No. of accidents: | 0 | 1 | 2 | 3 | 4 | 5 | Total |
Frequency (No. of days): | 46 | ? | ? | 25 | 10 | 5 | 200 |
Given:
The mean of the given distribution is 1.46.
To do:
We have to find the missing frequencies and the median.
Solution:
Mean $= 1.46$
Let $p_1$ and $p_2$ be the missing frequencies as shown below.
$86+p_1+p_2=200$
$\Rightarrow p_1+p_2=200-86=114$
$p_1=114-p_2$...............(i)
We know that,
Mean $=\frac{\sum f_i x_i}{\sum f_i}$
Therefore,
Mean $=\frac{140+p_1+2 p_2}{200}$
$\Rightarrow 1.46=\frac{140+p_1+2 p_2}{200}$
$\Rightarrow 292=140+p_1+2 p_2$
$\Rightarrow 292-140=114-p_2+2 p_2$ [From (i)]

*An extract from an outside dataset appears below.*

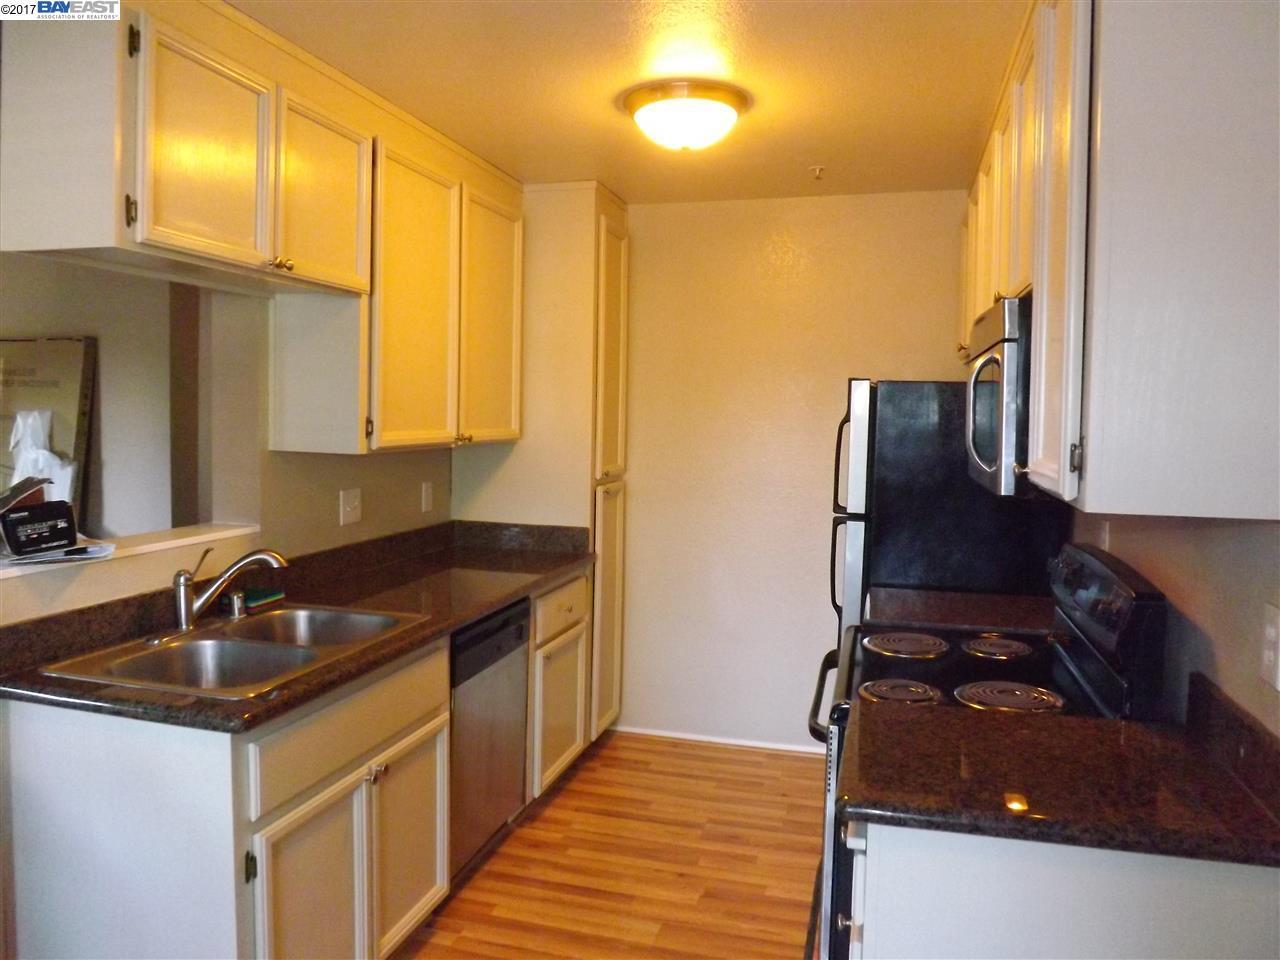 Additional photo for property listing at 37490 Parish Circle  Fremont, Калифорния 94536 Соединенные Штаты

$\Rightarrow 152-114= p_2$
$\Rightarrow p_2=38$
$\Rightarrow p_1=114-38=76$
Therefore,
$N = 86+76+38=200$
$\frac{N}{2} = \frac{200}{2} = 100$
The cumulative frequency just greater than $\frac{N}{2}=100$ is 122(=46+76) and the value corresponding to 122 is 1.
This implies,
Median $=1$
The missing frequencies are 76 and 38 and the median is 1.